Dia yakin bukan saja akan ada bekas telapak tangan pada pipinya, tapi memar pada
lengannya besok.
“Pake nanya, lagi!!!” omel Eva dan sekali lagi melayangkan tinjunya yang kali ini mendarat
pada dadanya.
“Omph, aduh!!! Stop. Sakit, tahu,” geram Ben sambil mengusap-usap dadanya.
“I DON’T CARE!!! Kamu udah menghamili dia dan nggak bertanggung jawab. You are an
asshole, Ben!” teriak Eva dengan mata berapi-api.
“Apa kamu pikir aku nggak tahu itu?” Ben balas berteriak sebelum kemudian menurunkan
nadanya ketika melihat sopir Eva siap menghentikan mobil di pinggir jalan tol dan
menurunkannya kalau dia sampai mengasari majikannya.
“Aku udah hidup dengan penuh penyesalan atas perbuatanku selama delapan tahun.

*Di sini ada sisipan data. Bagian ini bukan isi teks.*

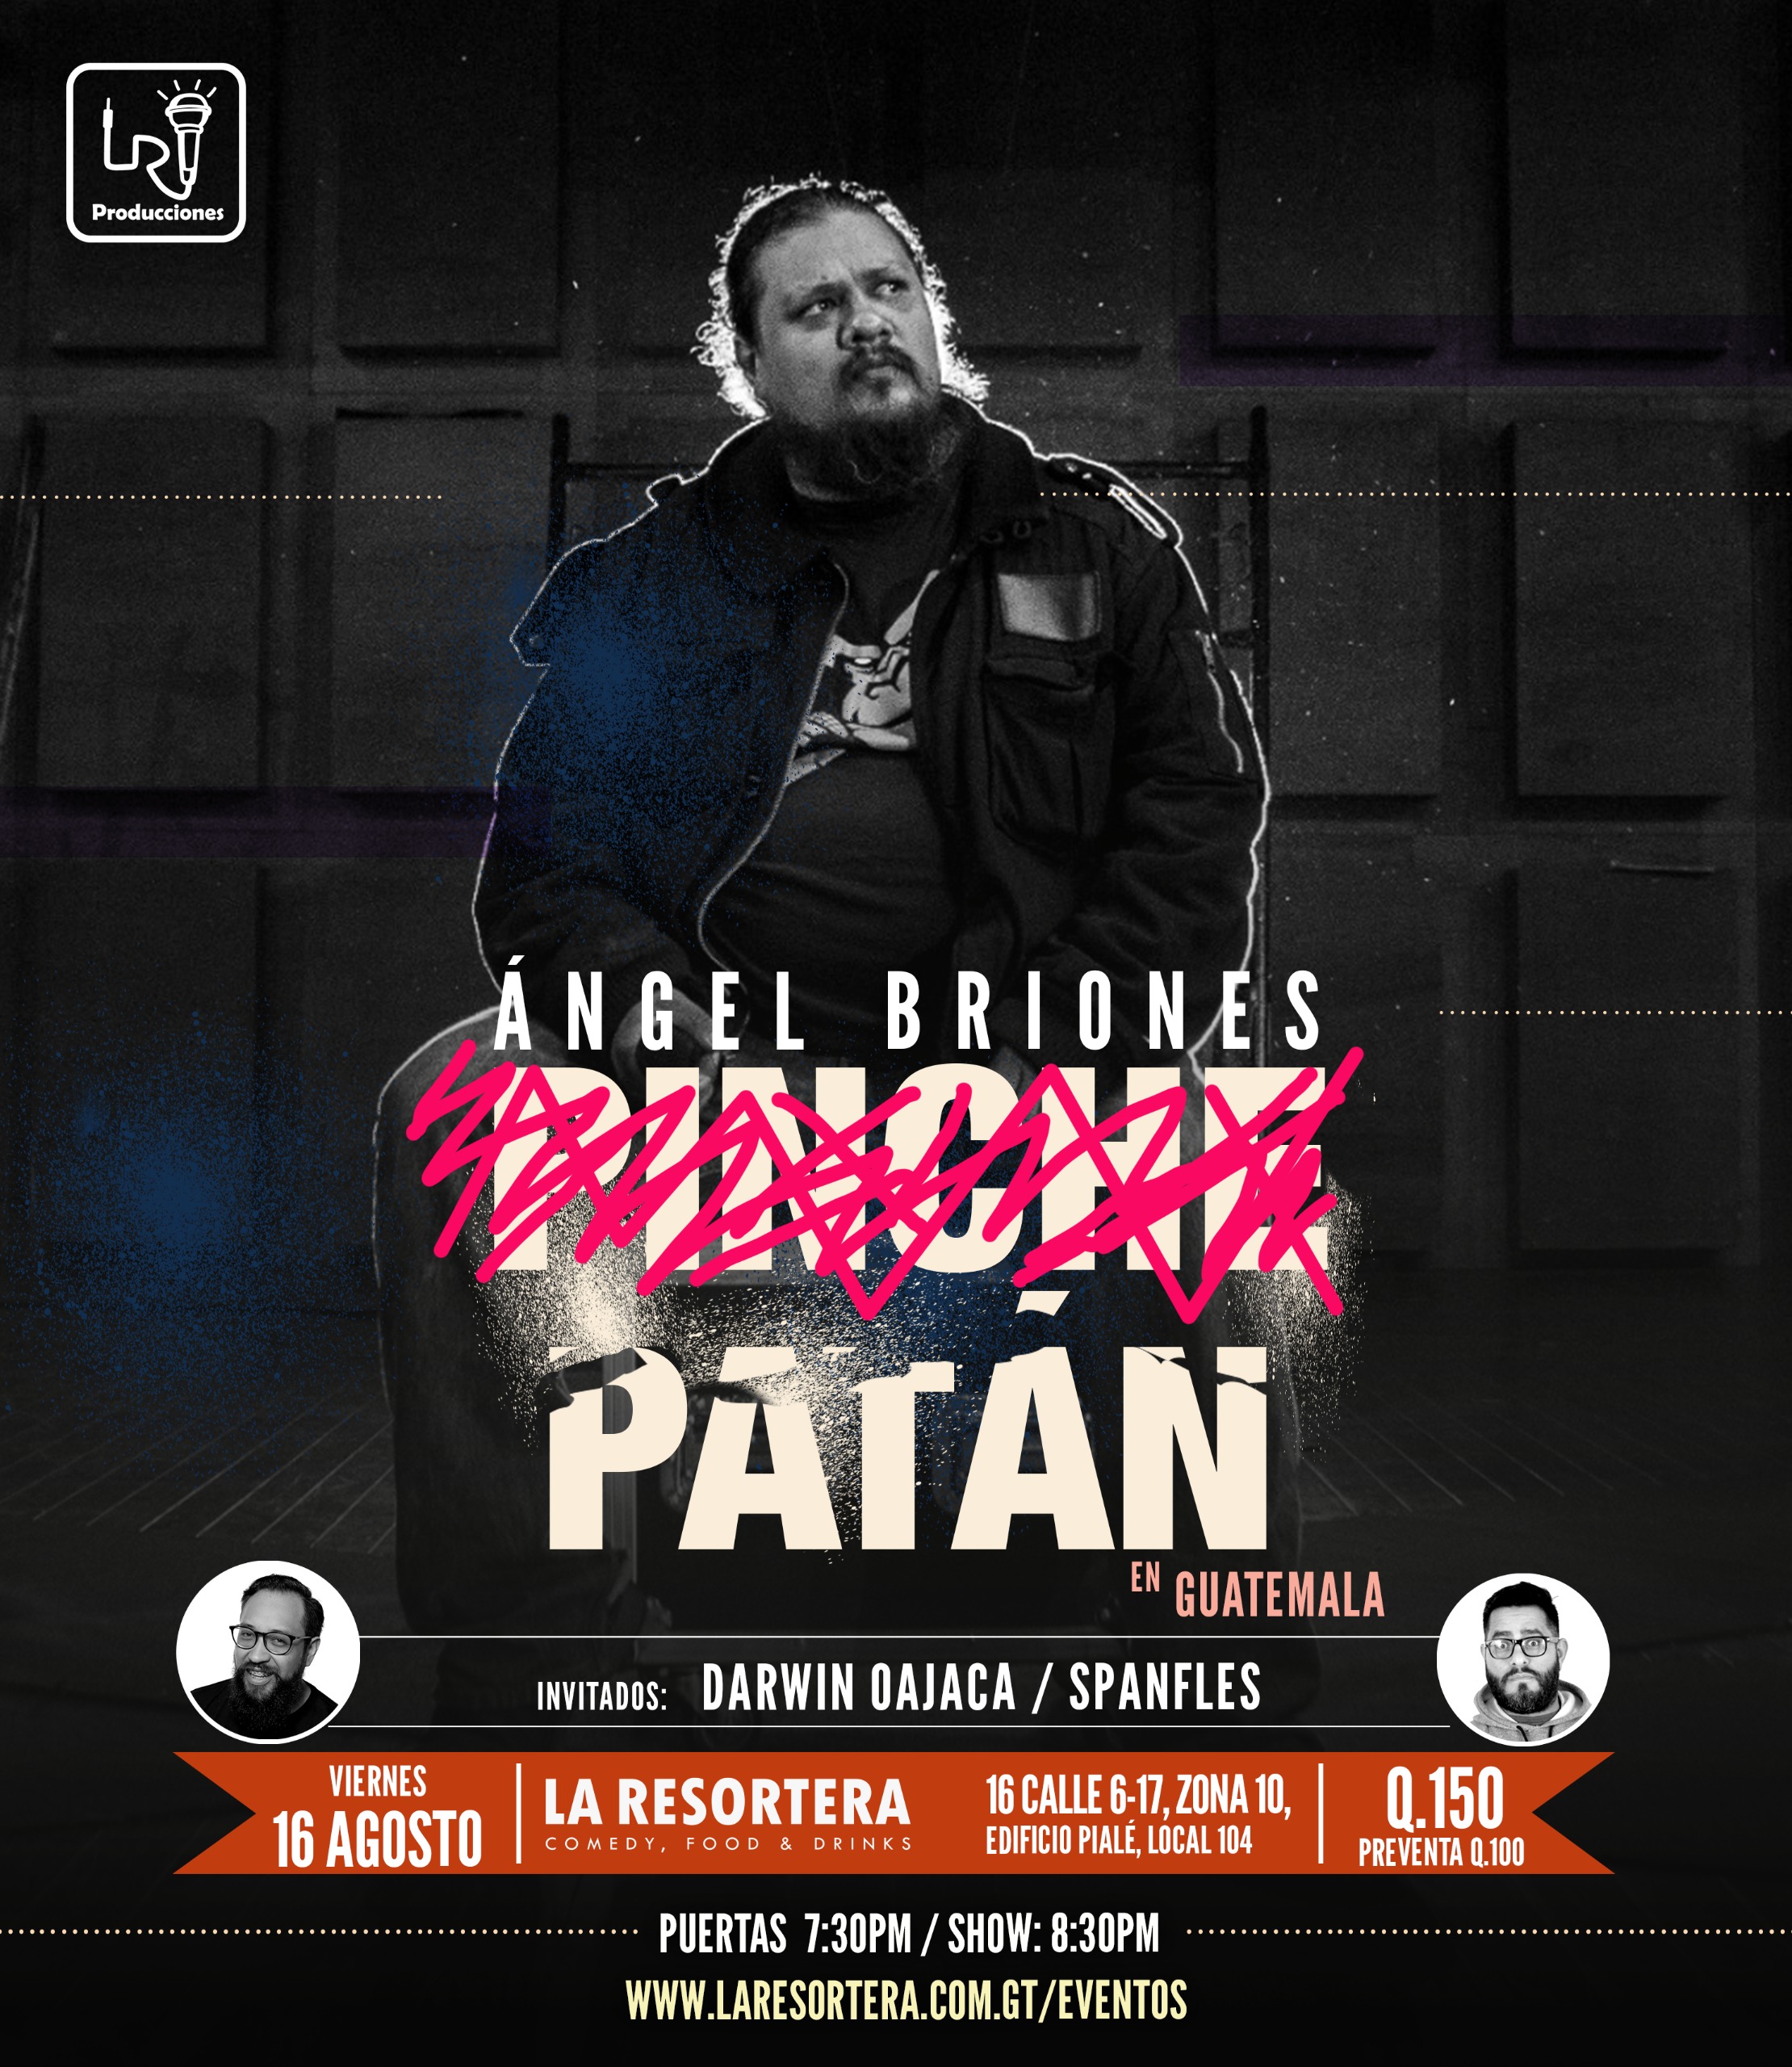 ANGEL BRIONES "PATAN" EN GUATEMALA

Delapan tahun, Ev!!! Itu hamper tiga ribu hari ngerasa seperti ada beban berat yang nindih
dadaku. Dan nggak peduli apa yang udah aku coba, aku nggak bisa ngangkat beban itu.”
“Kamu pantas ngerasa seperti itu. Jesus,Ben!!! Kamu minta dia gugurin kandungannya.
What were you thinking?” teriak Eva.
“Aku panik, oke? Aku nggak… nggak bisa mikirin solusi lain.”
Mereka saling tatap tanpa mengatakan apa-apa selama beberapa menit. Masing-masing
mencoba mengontrol pernapasan mereka yang sudah terengah-engah. Dari kaca tengah,
Ben melihat sopir Eva sedang mengawasi mereka. Great, dia pada dasarnya baru saja
meneriakkan aibnya di depan orang asing. Dia harus meminta Eva berbicara dengan
sopirnya agar tidak mengulangi apa yang dia dengar di dalam mobil kepada siapa pun.
“Apa Mama dan Papa tahu tentang Jana?” Tanya Eva dengan nada lebih tenang.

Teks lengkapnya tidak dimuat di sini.